Machine Learning Confusion Matrix

Subhashyadav
9 min readJun 6, 2021

When building a machine learning model, the first step is to acknowledge that real-world data is imperfect, requiring different approaches and tools, and trade-offs are common when determining the right model. Creating a machine learning model includes some following steps:-

>>Gathering data

>>Preparing that data

>>Choosing a model

>>Training

>>Evaluation

>>Hyperparameter tuning

>>Prediction.

In this article, we explain the techniques used in evaluating how well a machine learning model generalizes to new, previously unseen data.

Model Evaluation Techniques

The above issues can be handled by evaluating the performance of a machine learning model, which is an integral component of any data science project. Model evaluation aims to estimate the generalization accuracy of a model on future (unseen/out-of-sample) data.

Model Evaluation Metrics

Model evaluation metrics are required to quantify model performance. The choice of evaluation metrics depends on a given machine learning task (such as classification, regression, ranking, clustering, topic modeling, among others). Some metrics, such as precision -recall are useful for multiple tasks.

Classification Metrics

  • Confusion matrix

A confusion matrix is a performance measurement technique for Machine learning classification. It is a kind of table which helps you to the know the performance of the classification model on a set of test data for that the true values are known. The term confusion matrix itself is very simple, but its related terminology can be a little confusing. Here, some simple explanation is given for this technique.

Four outcomes of the confusion matrix

The confusion matrix visualizes the accuracy of a classifier by comparing the actual and predicted classes. The binary confusion matrix is composed of squares:

  • TP: True Positive: Predicted values correctly predicted as actual positive
  • FP: Predicted values incorrectly predicted an actual positive. i.e., Negative values predicted as positive
  • FN: False Negative: Positive values predicted as negative
  • TN: True Negative: Predicted values correctly predicted as an actual negative

You can compute the accuracy test from the confusion matrix:

Example of Confusion Matrix:

Confusion Matrix is a useful machine learning method which allows you to measure Recall, Precision, Accuracy, and AUC-ROC curve. Below given is an example to know the terms True Positive, True Negative, False Negative, and True Negative.

True Positive:

You projected positive and its turn out to be true. For example, you had predicted that You will pass in Exam and you really passed.

True Negative:

When you predicted negative, and it’s true. You had predicated that you would fail in exam , and you really failed.

False Positive:

Your prediction is positive, and it is false.

You had predicted that you will pass the exam , but you failed.

False Negative:

Your prediction is negative, and result it is also false.

You had predicted that you will not pass the exam, but you passed.

You should remember that we describe predicted values as either True or False or Positive and Negative.

Type I and Type II Error representation in a Confusion Matrix :

How can we measure the Error in Classification Problem? :-

Type I Error (False Positive) and Type II Error (False Negative) help us to identify the accuracy of our Model which can be found with the help of Confusion Matrix. If we sum the value of Type I and Type II Error, we can have a Total Error = False Negative + False Positive.

Accuracy will be higher if Error is less and vice versa. Better the accuracy, better the performance and that exactly what we want.

Precision

You can also use a confusion matrix to calculate the precision. The precision, along with the true positive rate (also known as “recall”), will be needed later on to calculate the area under the precision-recall curve (AUPRC), another popular performance metric.
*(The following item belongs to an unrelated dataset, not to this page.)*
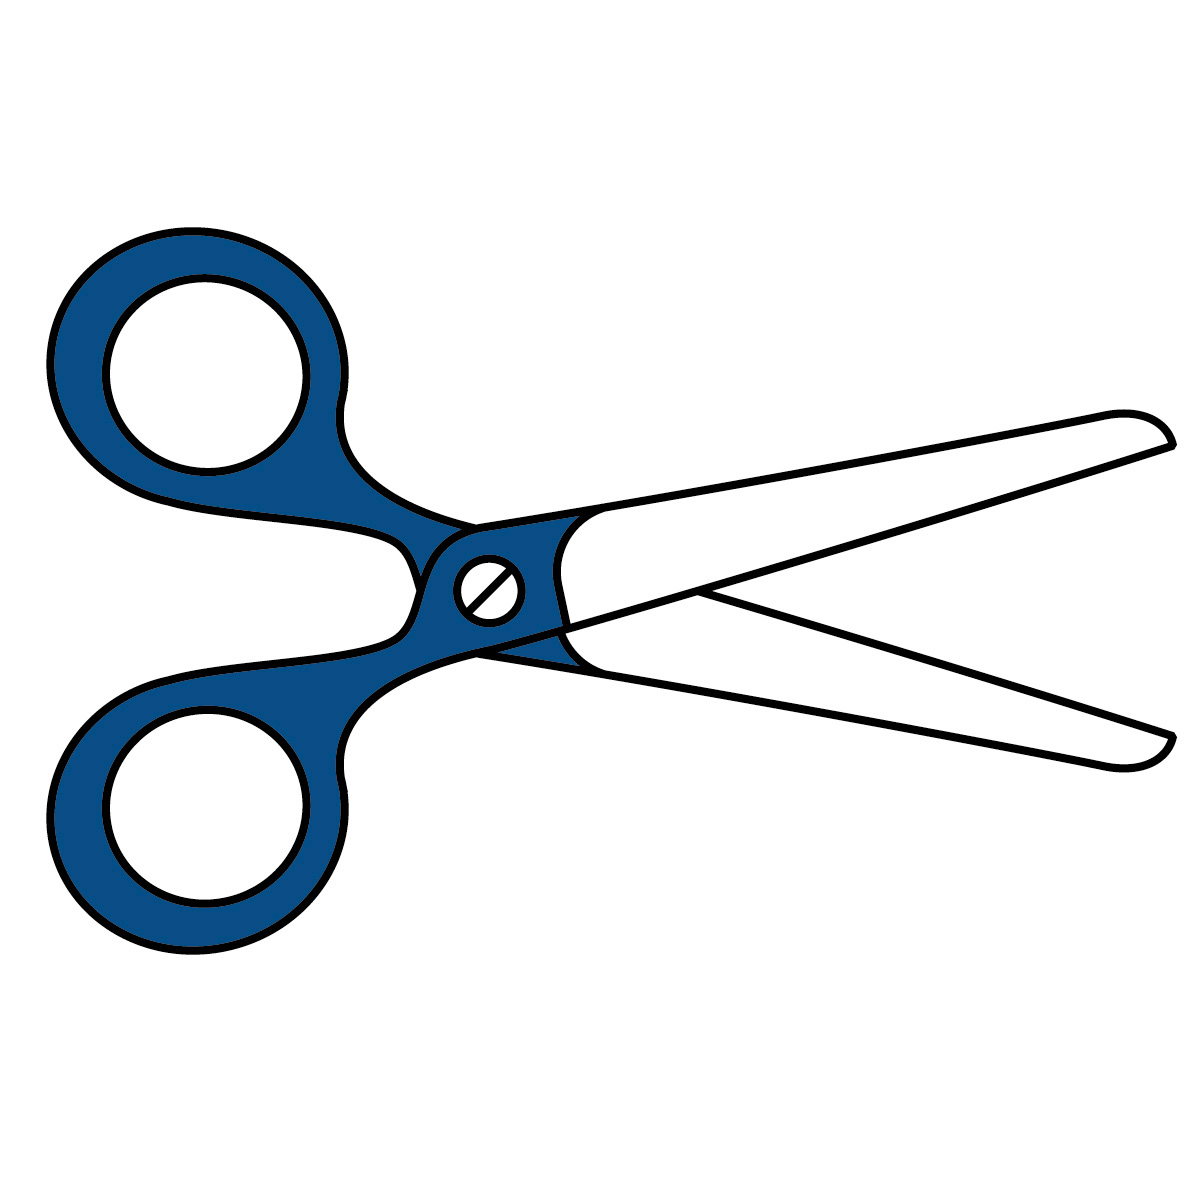 Scissors Line Drawing - ClipArt Best

Precision = True Positives / (True Positives + False Positives)

i.e.

Here ,I thing we should take a close watch to type -1 error and type 2 error.

Lets says we have a model of Lungs cancer predication.

what do you think?

In lung cancer classification in CT scan images, is false positive or false negative is more important to care about?
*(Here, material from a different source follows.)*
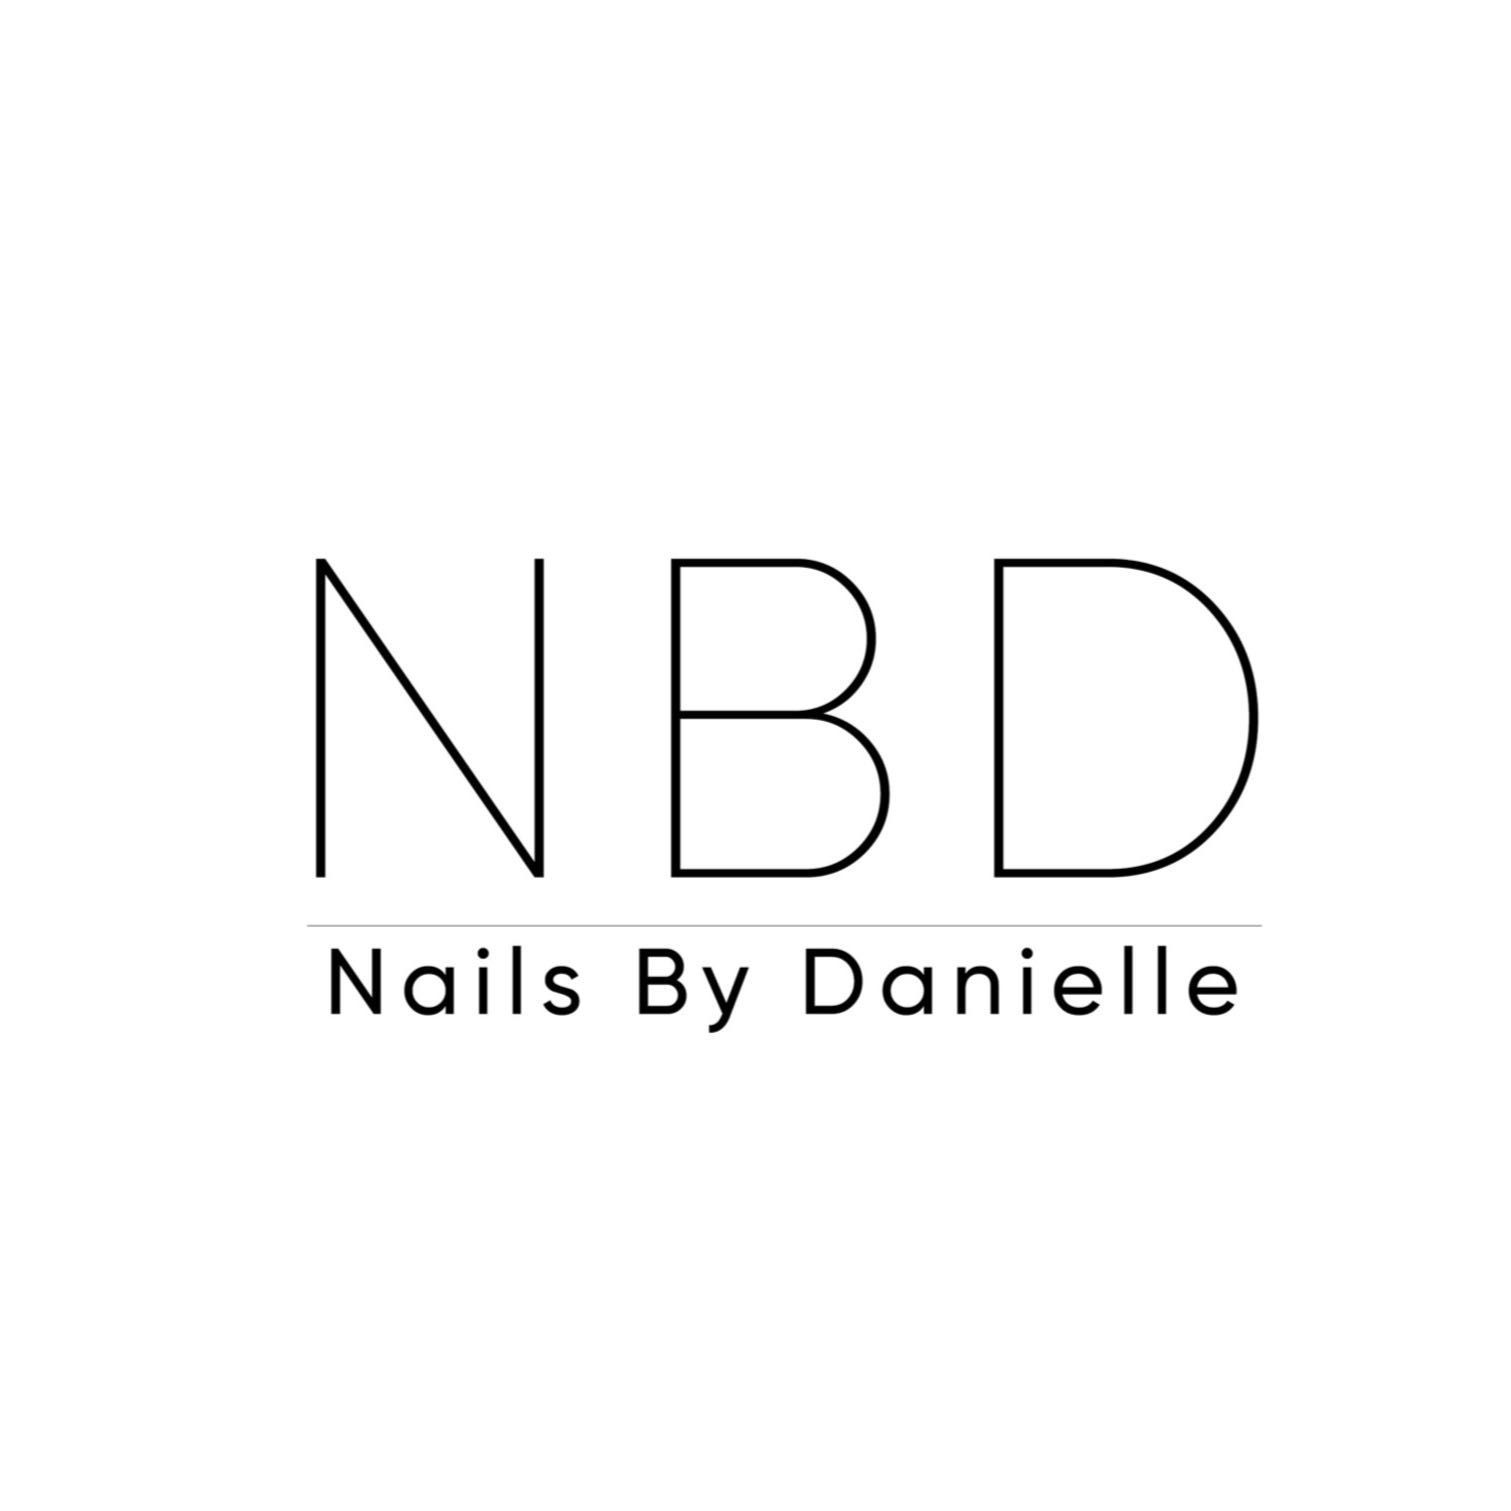 Nails By Danielle, 20 Pump Street, Third floor, BT48 6JG, Londonderry

First, let us make some definitions:

A false positive = person is considered healthy but actually is sick

A false negative = person is considered as not healthy but actually is healthy.

What does it mean?

False negative cases might be good at some point if we don’t consider about patient time and money lost because he is not loosing life.

A false positive case means that your patients get sicker or die.

It is very difficult to make the right decisions.

So it is important to have a correct model. Although we can’t achieve 100% accurate model.

Here will see a case study on cyber security accuracy detection via confusion Matrix.

Introduction :

The evolution of malicious software (malware) poses a critical challenge to the design of intrusion detection systems (IDS). Malicious attacks have become more sophisticated and the foremost challenge is to identify unknown and obfuscated malware, as the malware authors use different evasion techniques for information concealing to prevent detection by an IDS.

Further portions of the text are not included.